Те традиции, чье начало положили давние, уже более чем столетние идеи германских правителей о подчинении себе Соединенных Штатов.
Еще в самом начале века президент Пангерманского союза в Берлине Эрнст Хассе говорил, что немецкий дух обязан покорить Америку, и тогда германский император, возможно, перенесет свою резиденцию в Нью–Йорк, — город, достойный любого владыки.
Конечно, никто не подразумевал идеи вооруженного
Кто знает, во что бы претворились эти устремления на уже созданном в Штатах к сороковым годам базисе, если бы не крах Рейха, кто знает…
Звонок телефона прозвучал мягкой, вкрадчивой трелью.
Краузе снял трубку.
— Магистр, — доложил голос, — за объектом заехал его знакомый, видимо, коллега… Они направились в Бруклин, но по дороге мы их потеряли…
— Почему? — вопросил Краузе бесстрастно.
— Мы… могли обнаружить себя излишней настойчивостью. К тому же, свою машину объект оставил в Лонг–Айленде. Он собрал сумку…
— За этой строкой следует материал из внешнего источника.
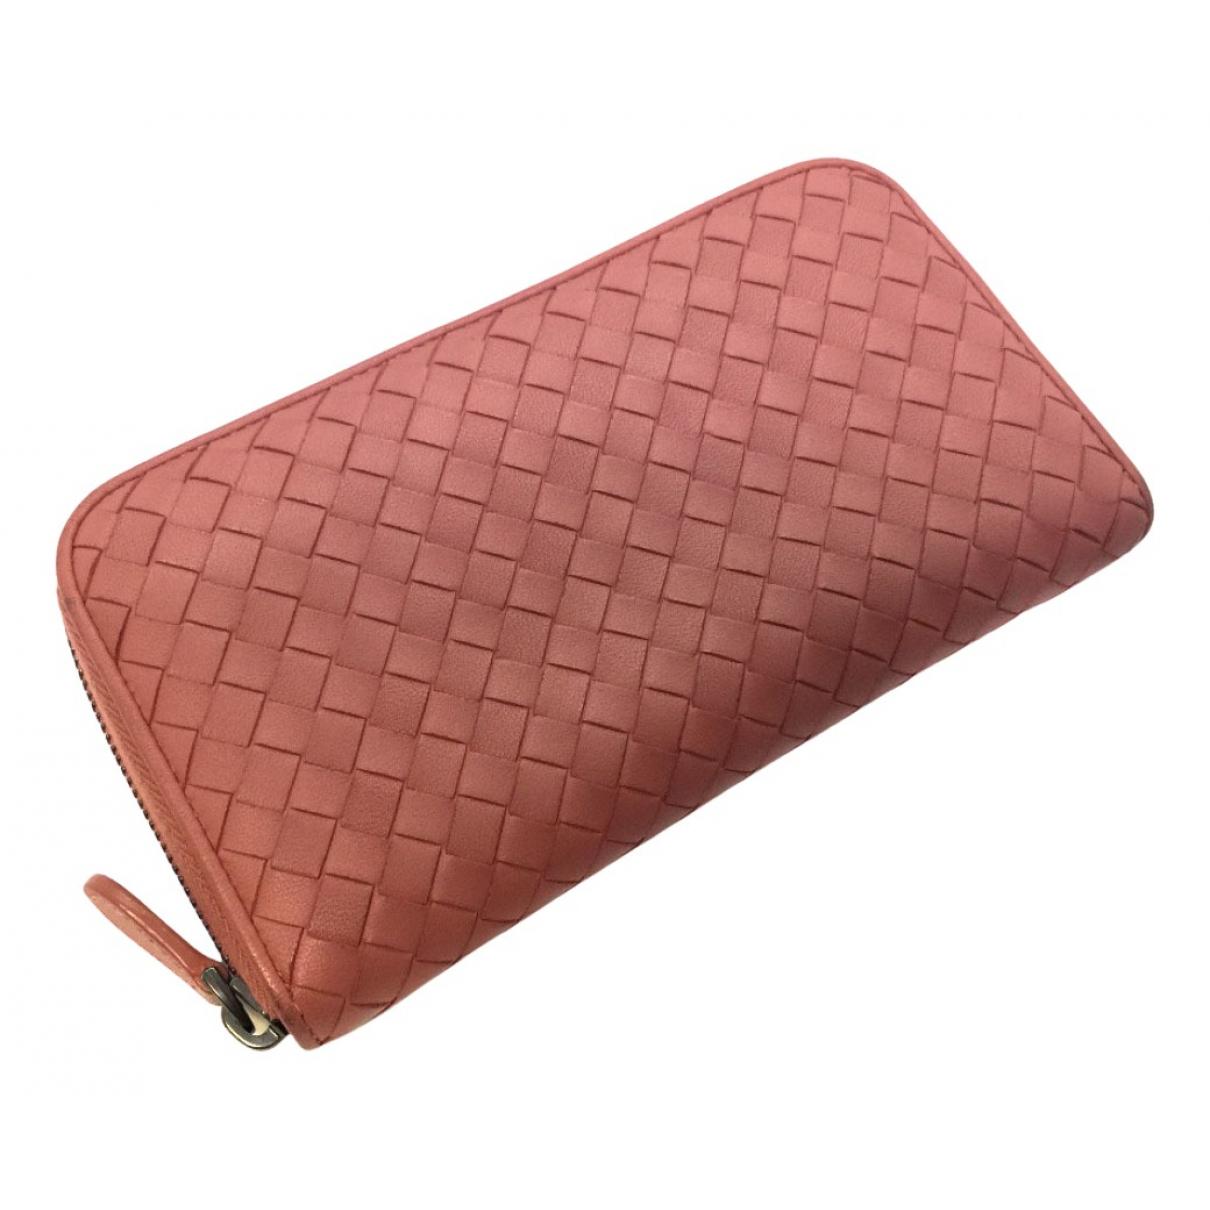 Bottega Veneta Intrecciato Pink Leather wallet for Women N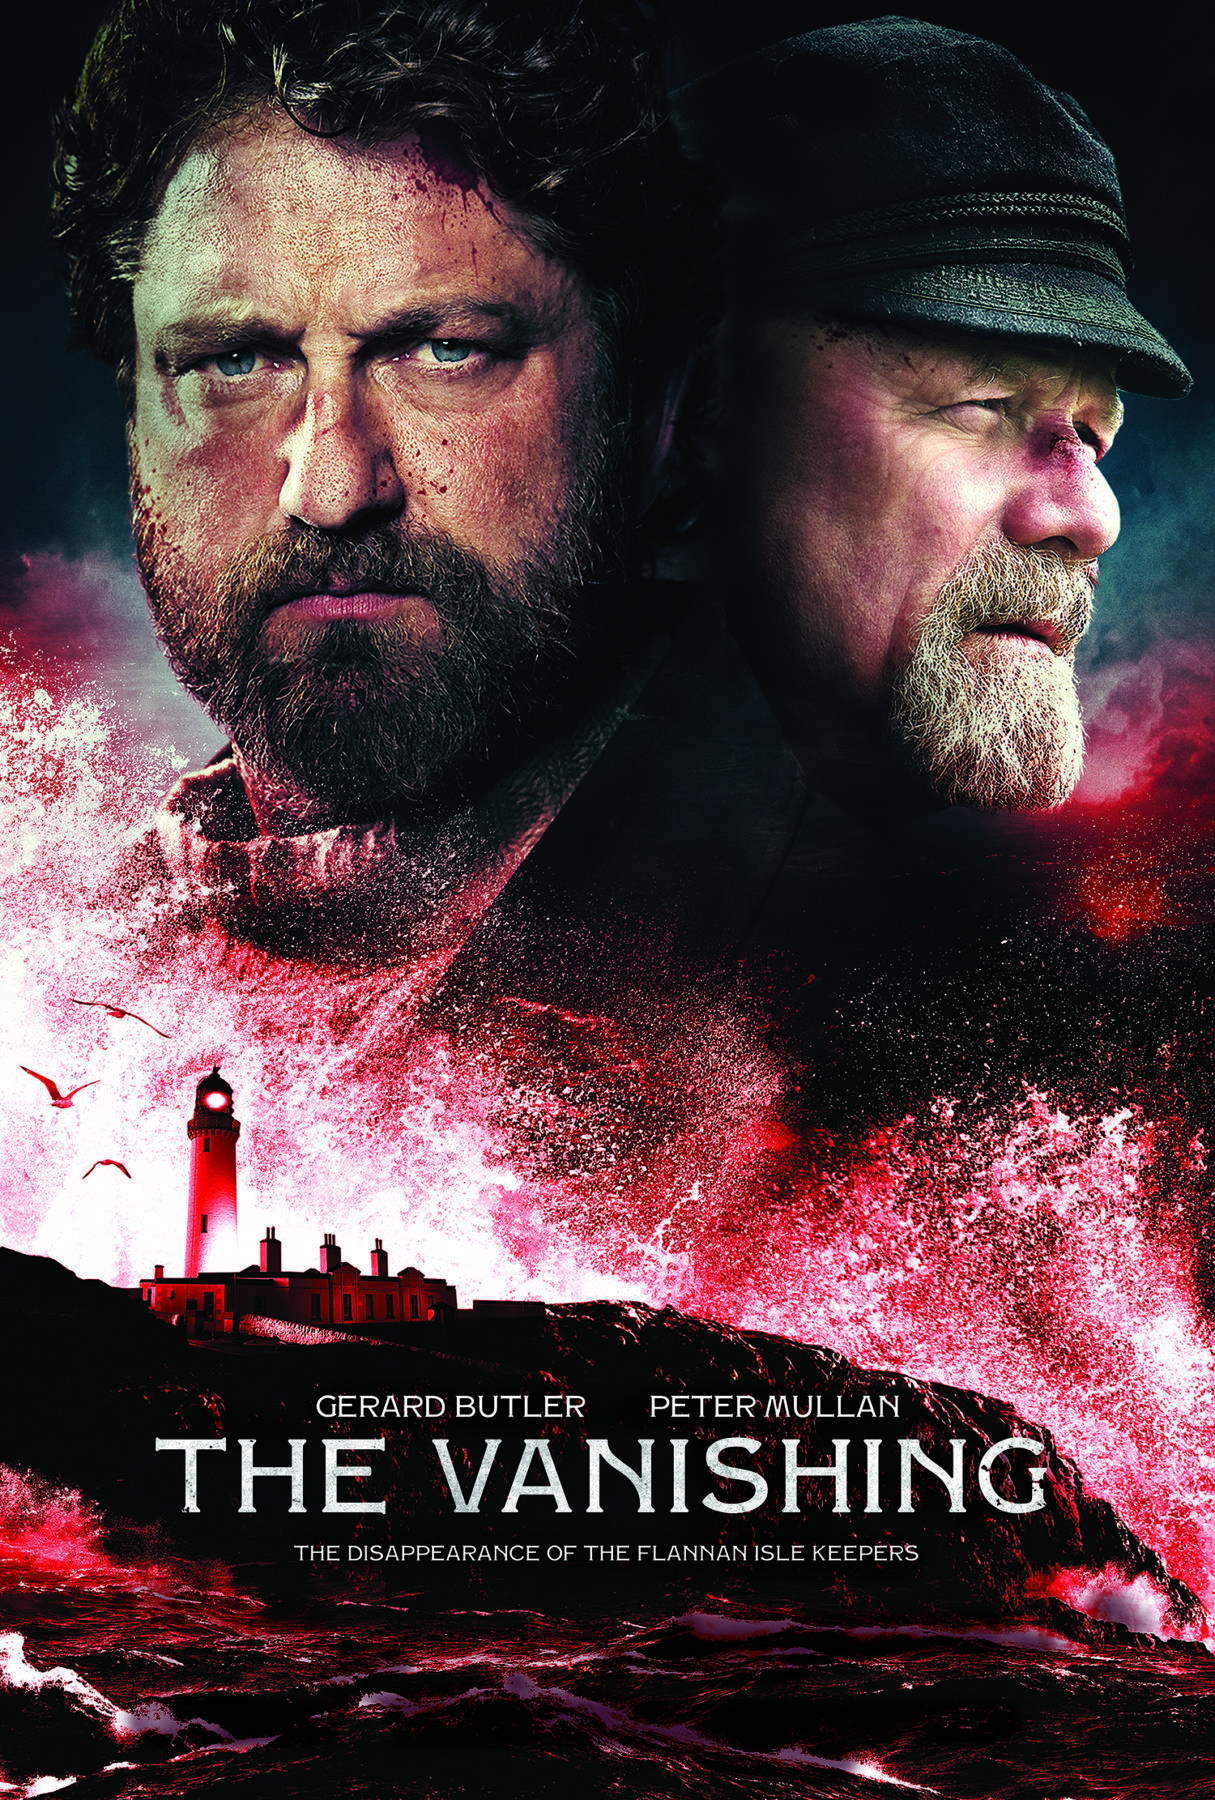 New Poster for Thriller 'The Vanishing' Based on the

— Та–ак, — произнес Краузе заинтересованно.
— Ничего особенного, — ответил собеседник на невысказанный вопрос. — Безделушки, документы… Все то, что мы уже видели. Теперь. У меня есть… скажем, странная новость. Я только что говорил с нашей вашингтонской группой. Они не могут подойти к его квартире. Там… В общем, его «пасут»…
— Кто? — удивился Краузе искренне.
— По первым впечатлениям — люди из его же профсоюза… И в этой связи позволю себе вывод: кажется, у объекта служебные неприятности…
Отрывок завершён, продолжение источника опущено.